Jessica Palmer & the Demons played from back stage right and I was sitting front stage left. That places a full stage, boxed in by cabin walls, squarely between myself and the band. I presume this was done to make the singers more audible over the instruments but I still lost entire verses to choreography and the inherent volume of drums and electric guitars. The space is not super acoustic and the singers aren’t fitted with microphones.
While we’re talking beefs, I felt there was some inconsistency in the application of the camp horror concept that I think I can pinpoint to the juxtaposition of choreography and props set against the music and the overall aesthetic.
This show pulls from all kinds of musical theater traditions, but it is, at the end of the day, a rock musical.
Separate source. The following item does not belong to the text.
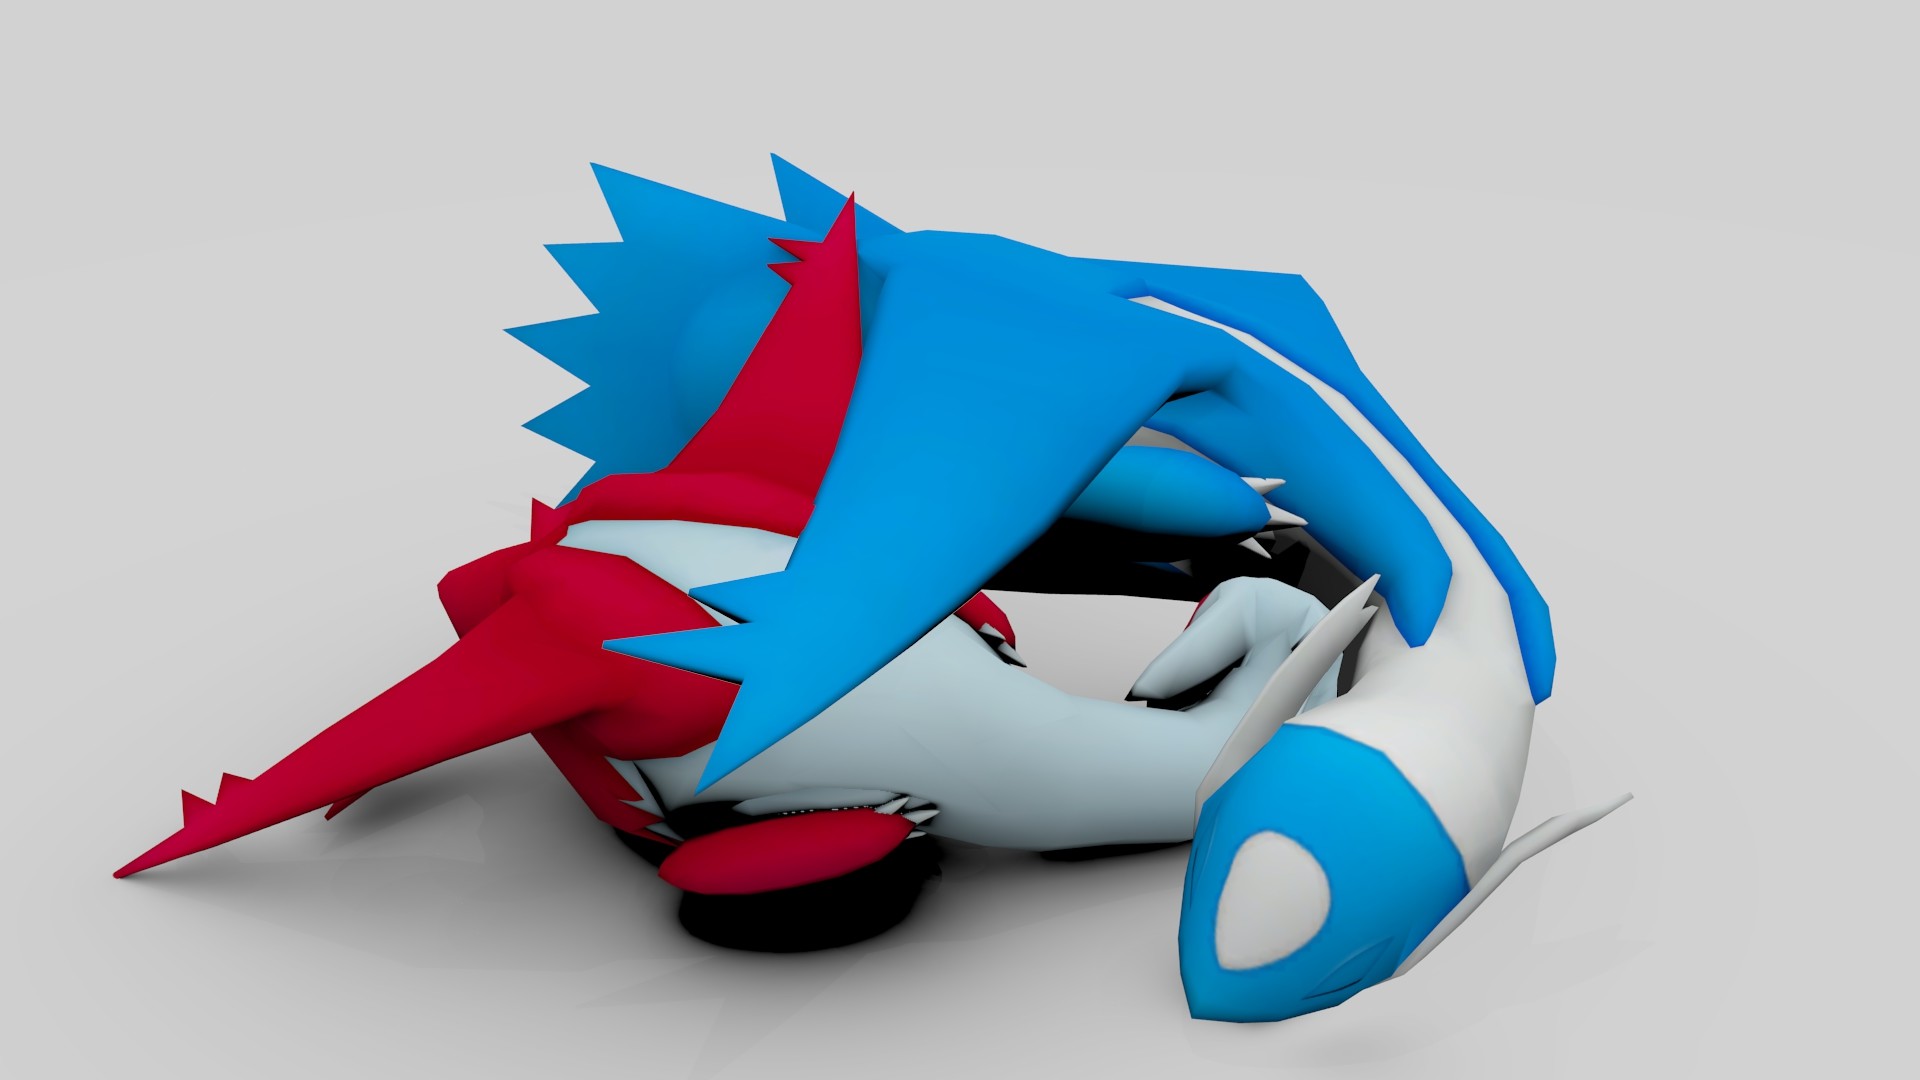 1920x1080 HD image of the Latios 3D Model available at ROEStudios.co.uk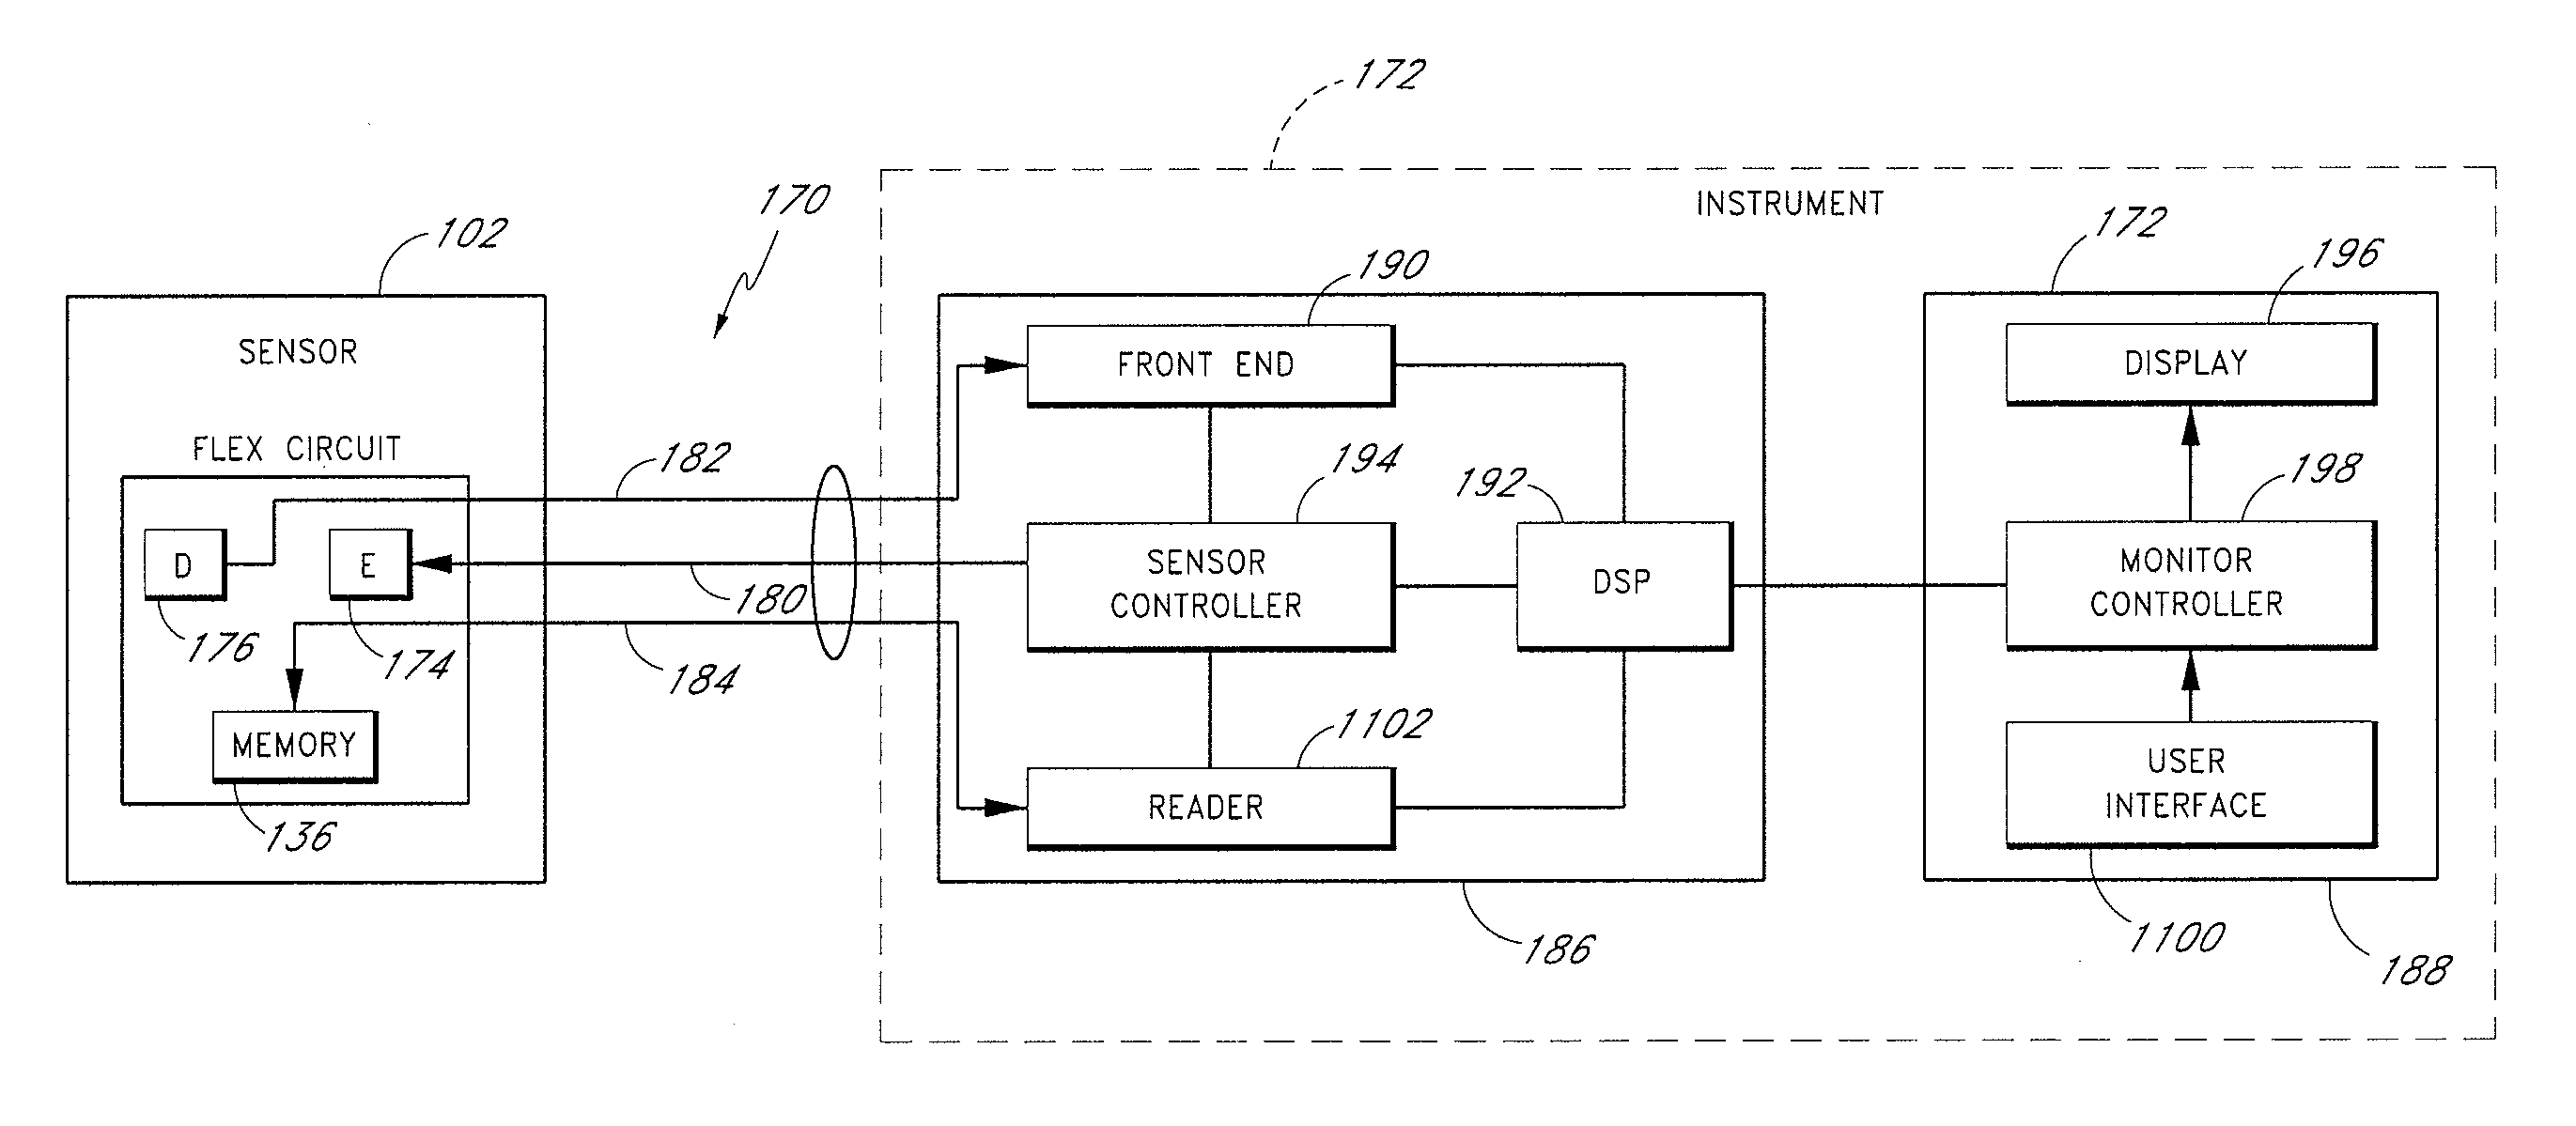 Optical sensor including disposable and reusable elements

The choreography, by Taylor Gomez, felt very old school musical theater — like Pippin, or Godspell, or Company — whereas the band for this show was definitely playing rock music, a la Rent, or Jesus Christ Superstar, or The Rocky Horror Show.
The props, by Stephen Polchert, were very campy horror: The comically small toy shotgun as Ash’s “boom stick” and a plastic chain saw accompanied by an inconsistent sound effect got laughs, and people definitely liked them. But set against the gorgeous costumes, deeply intricate set and wildly awesome animatronic animals, they stood out as a touch too much for me.
All of the elements of these things were well done in their own right, but didn’t feel cohesive together. (Although, again, the same could be said of the films, where each pokes more fun at itself as they go on.)
Overall this show was a blast. I’d go again in a heartbeat. This is an experience, and it was a great time. If you enjoy camp horror and musical theater, go enjoy the fruits of ICCT’s labor: It was very obviously a labor of love.